Acridine Orange Sensitization and DNA Inhibition Effects on the Cyclic Voltammetry of Naphthoquinones Using Bare and DNA Modified Gold Electrodes

Abstract

An ion pair mechanism is used to characterize the inhibition by DNA, and sensitization by acridine orange (AO) of the peak currents in the cyclic voltammetry (CV) of naphthoquinones with differing ionic substituents.

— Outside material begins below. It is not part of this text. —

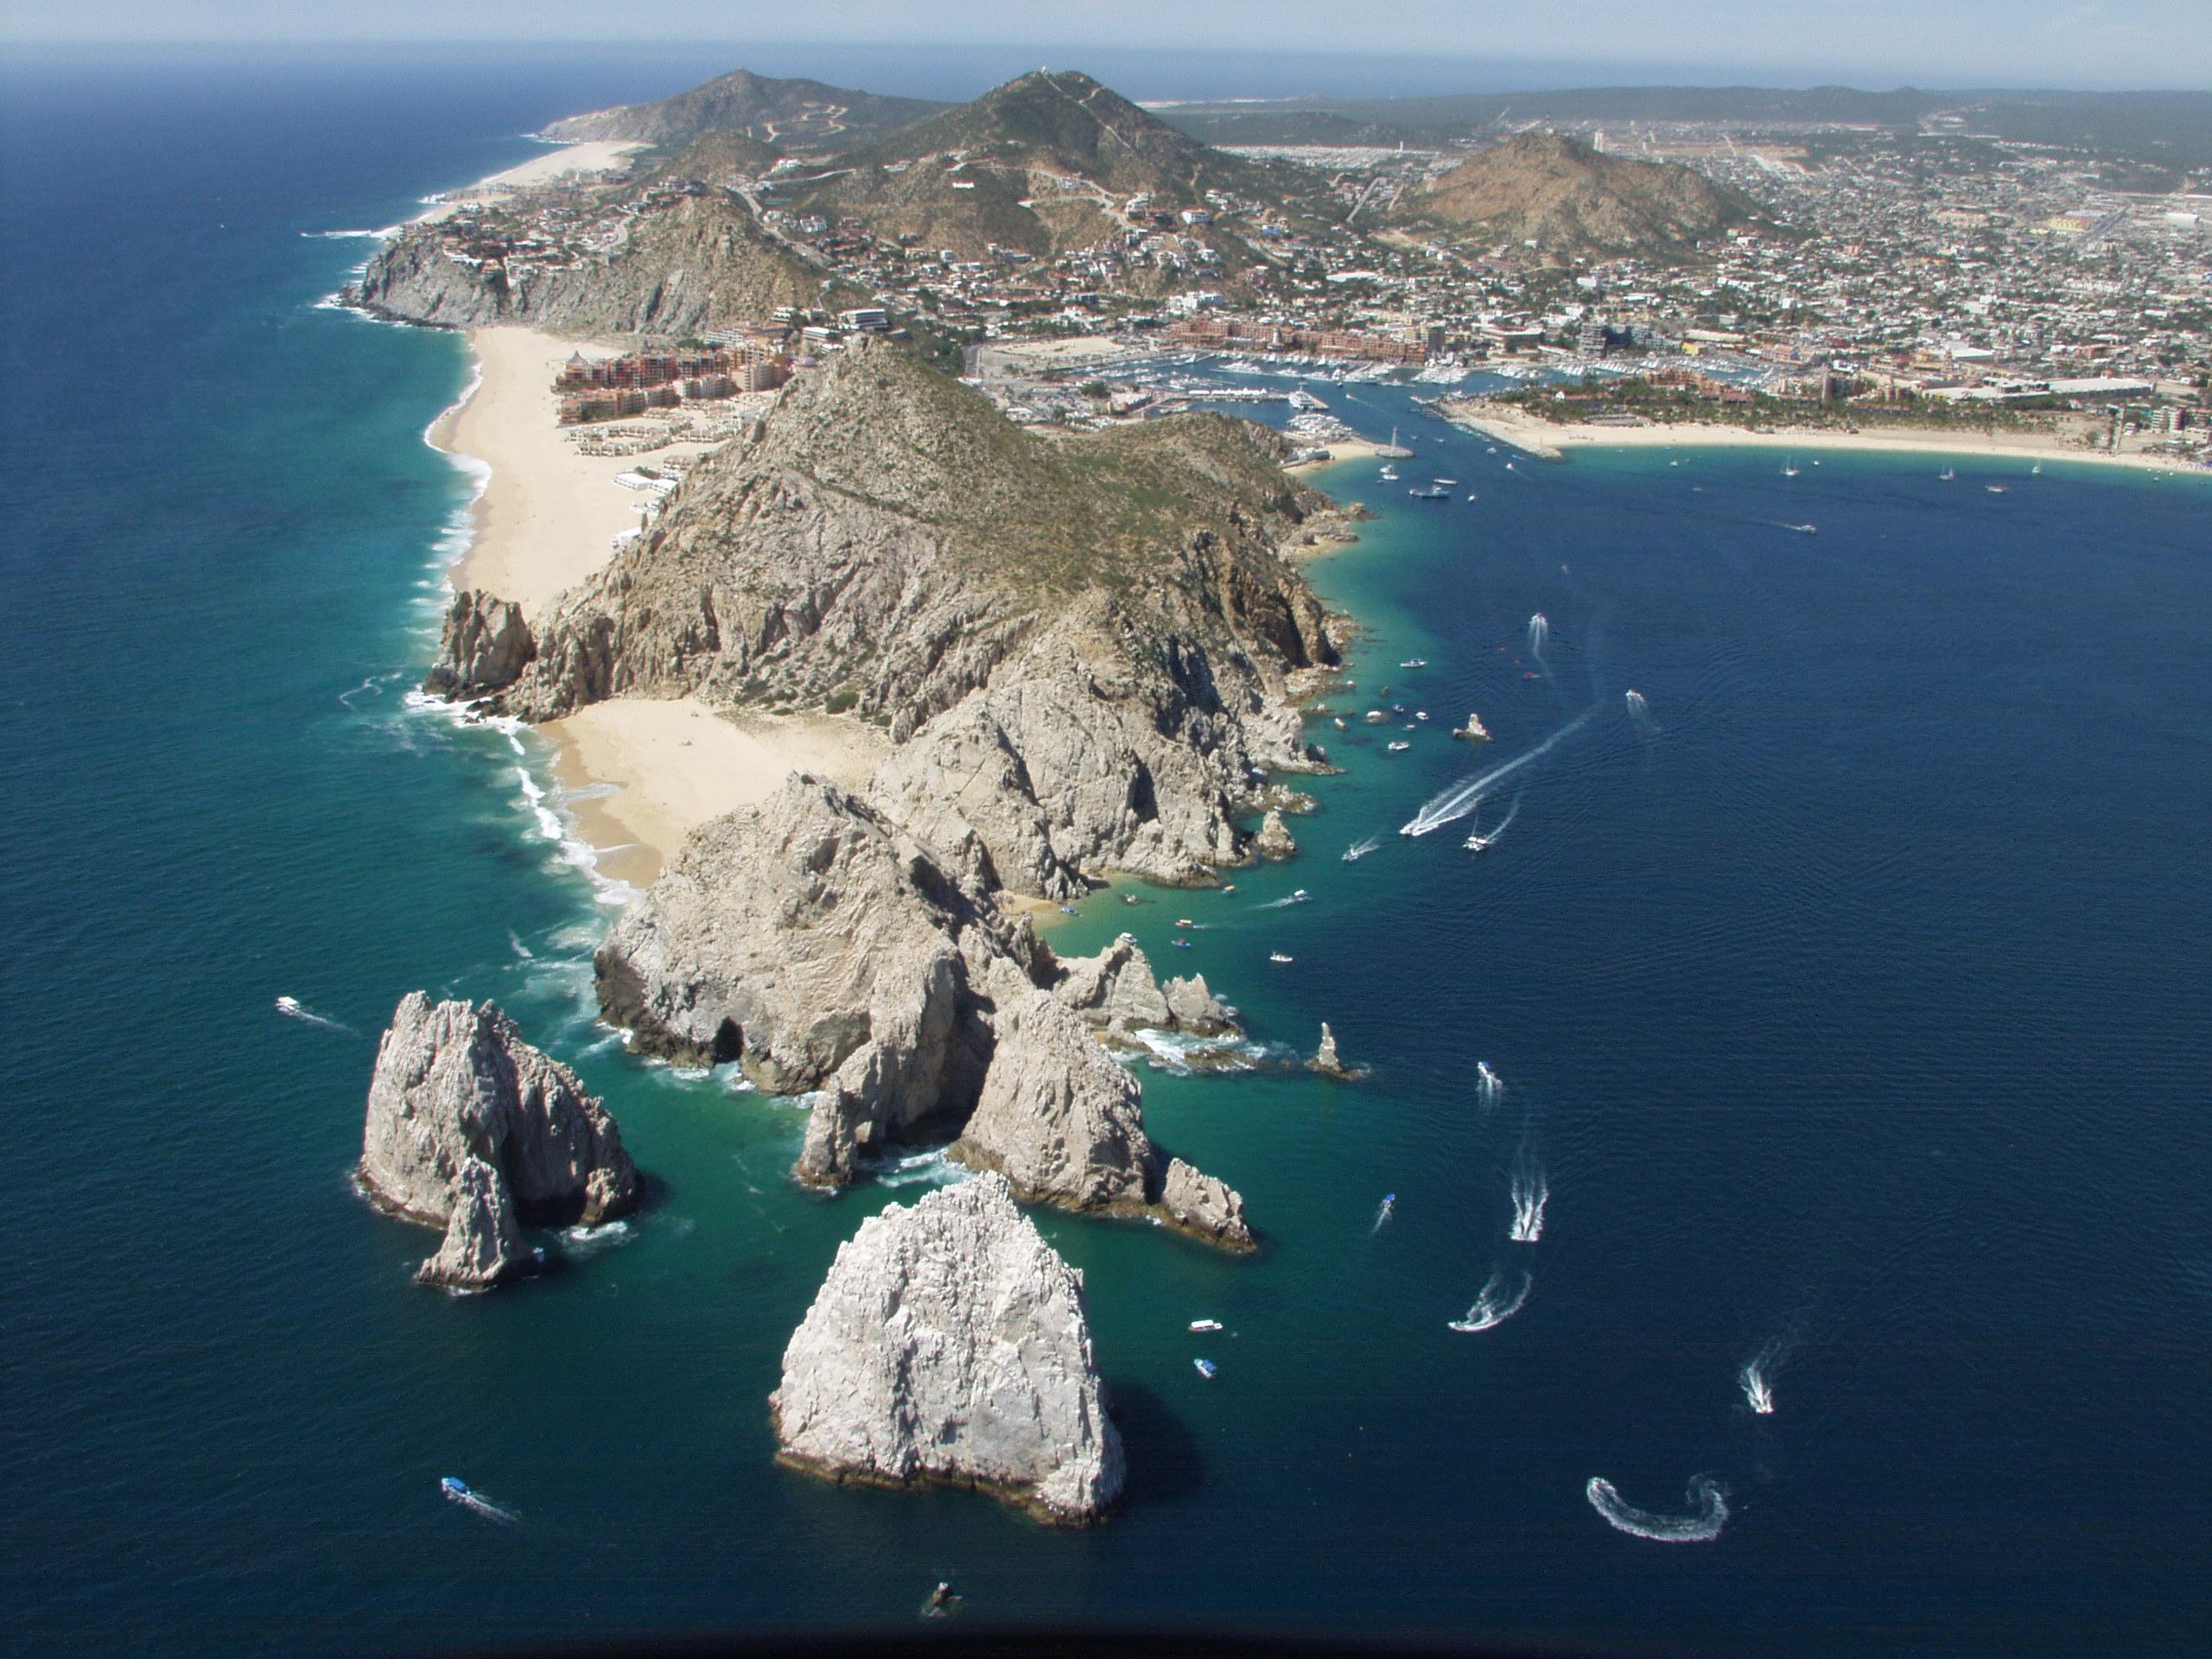 WanderFit highlights Destination Cabo San Lucas

Gold electrodes modified with adsorbed synthetic ′5-thiol-(GC)10 double strand DNA oligomers are used to study the redox activity of ferricyanide, 1,2-naphthoquinone-4-sulfonic acid sodium salt (NQS), 4-amino-1,2-naphthoquinone (ANQ), or 1,2-naphthoquinone (NQ) in the presence of AO. Parallel studies are performed using bare gold electrodes with double strand calf thymus DNA (CT-DNA) in the bulk solution. AO is known to bind intercalatively to DNA and is seen to sensitize the redox activity of ferricyanide or NQS with DNA either adsorbed on the electrode or present in the electrolyte. AO otherwise does not sensitize the peak currents in the CV of either ANQ or NQ regardless of the presence of DNA, nor does the DNA inhibit their CV, as it does the AO sensitized CV of the anions in the presence of DNA. The electroanalysis is done in pH 7 phosphate buffer with the solute and calf thymus double strand DNA base pair concentrations in the 10–3 molar range, and AO concentrations in the 10–4 molar range. The anion selective electrolytic sensitization combined with the intercalative property of AO may be applied to either the design of DNA based biosensors for the detection of anions, or DNA sensitive biosensors using AO as a marker.